[RECORDS PROVIDED]:

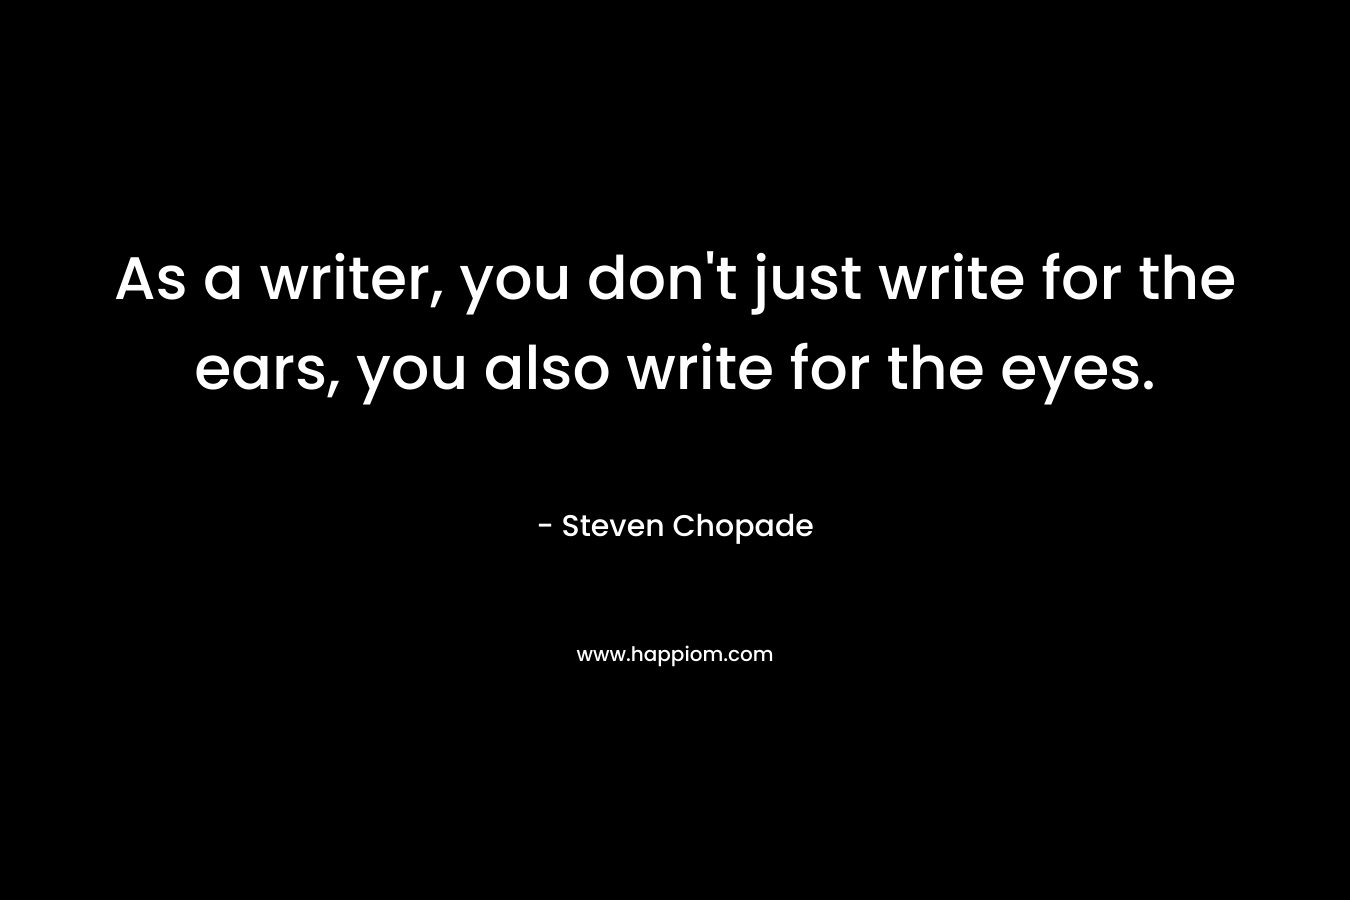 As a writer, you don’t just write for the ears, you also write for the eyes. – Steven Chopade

...

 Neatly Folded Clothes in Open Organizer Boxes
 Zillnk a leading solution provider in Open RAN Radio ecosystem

---

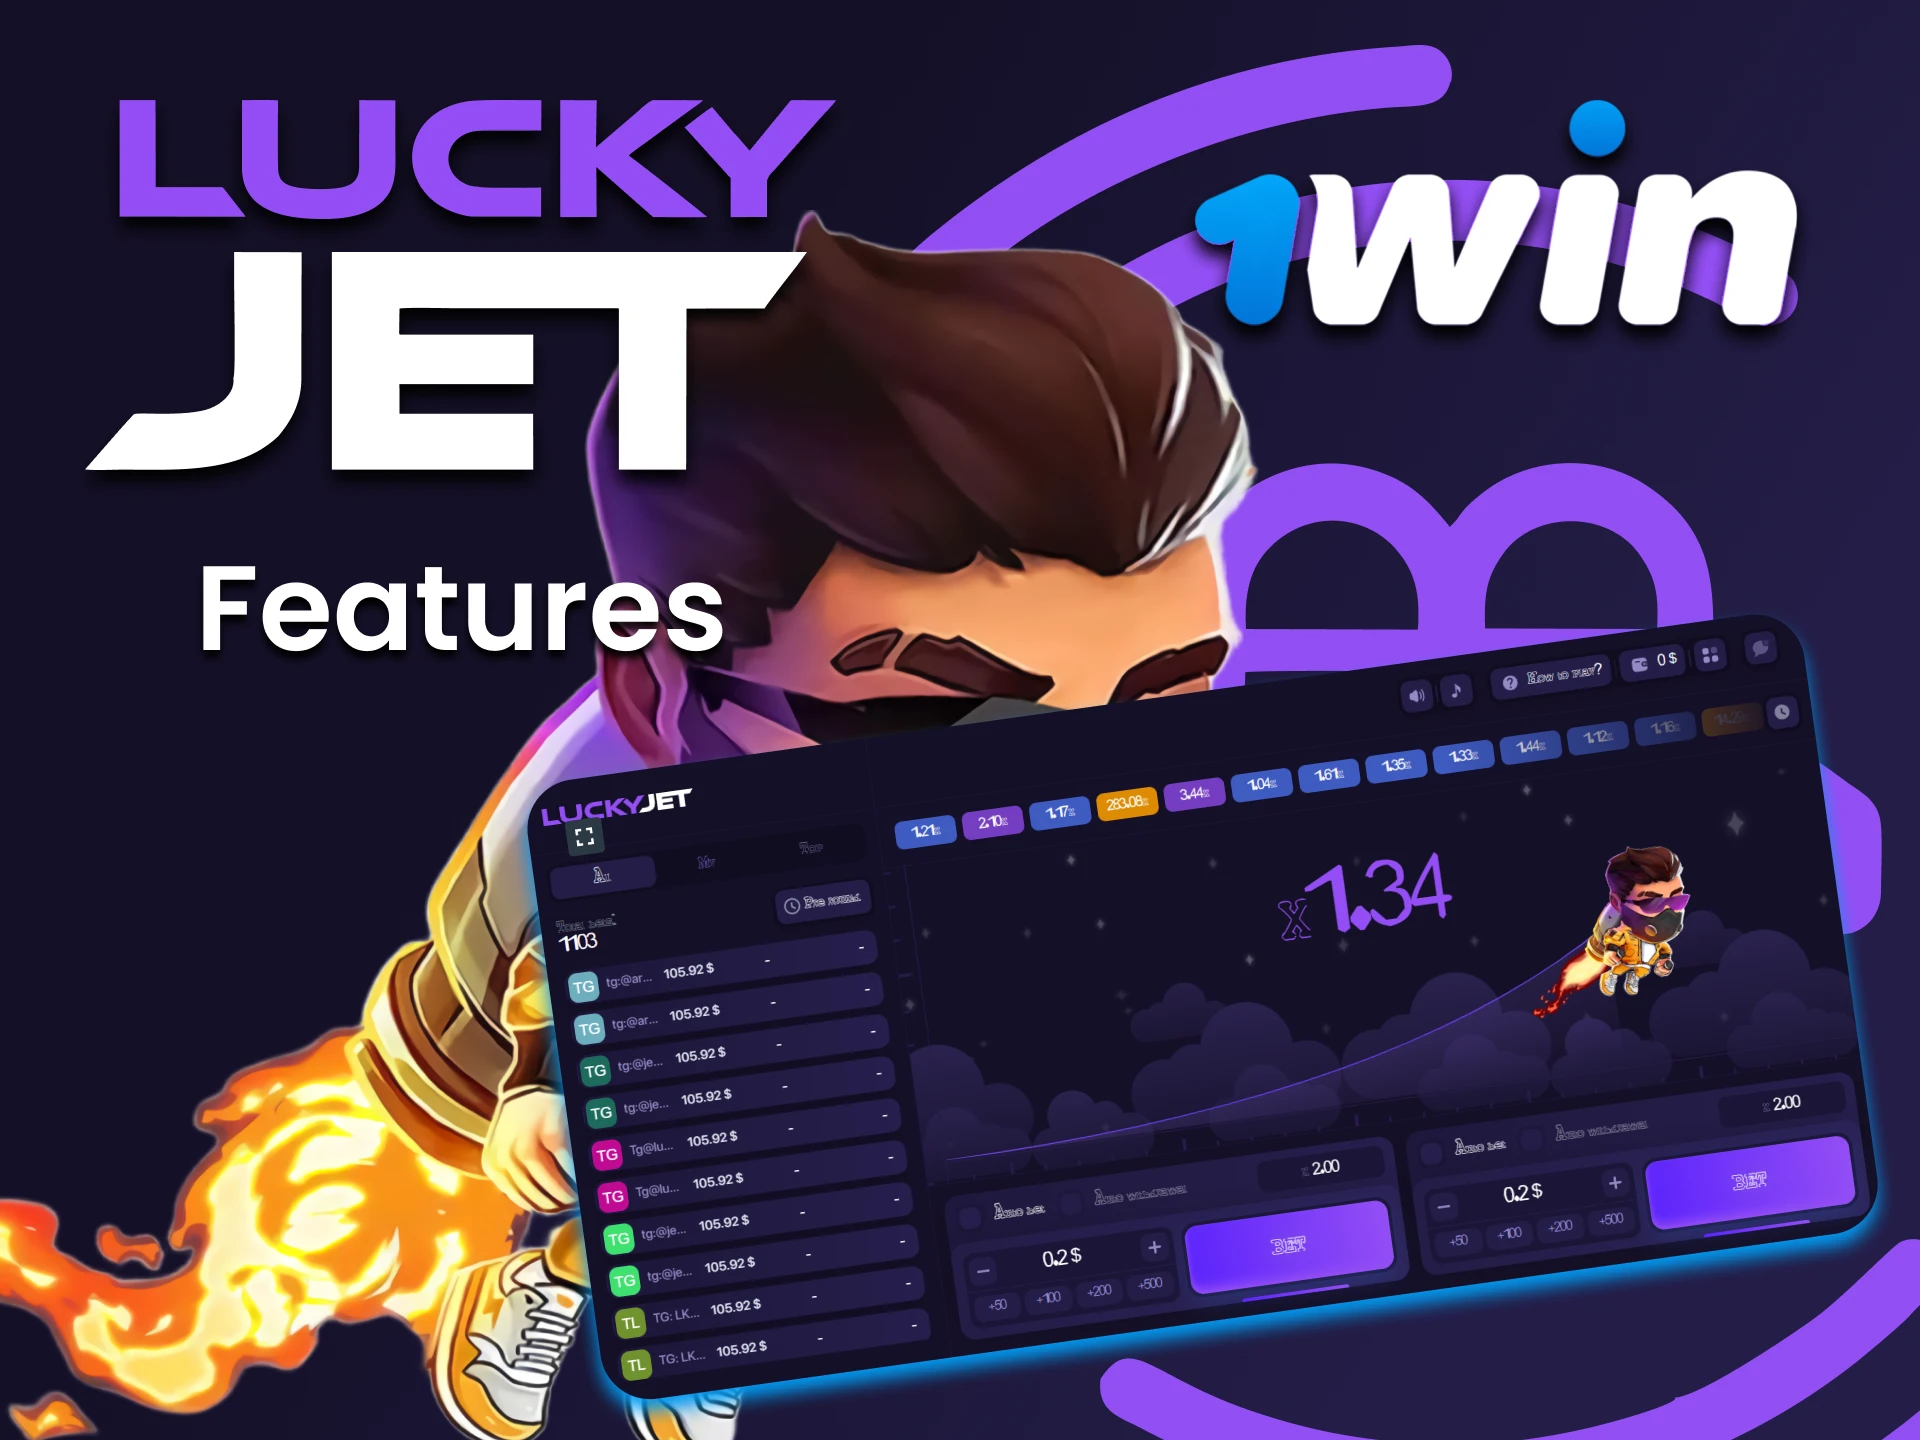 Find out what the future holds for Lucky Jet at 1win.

[EXERCISE AIM]: Of the lines above, output exactly those from the line bearing "Neatly Folded Clothes" through the line bearing "Zillnk a leading", inclusive.

[WRITTEN SOLUTION]:
 Neatly Folded Clothes in Open Organizer Boxes
 Zillnk a leading solution provider in Open RAN Radio ecosystem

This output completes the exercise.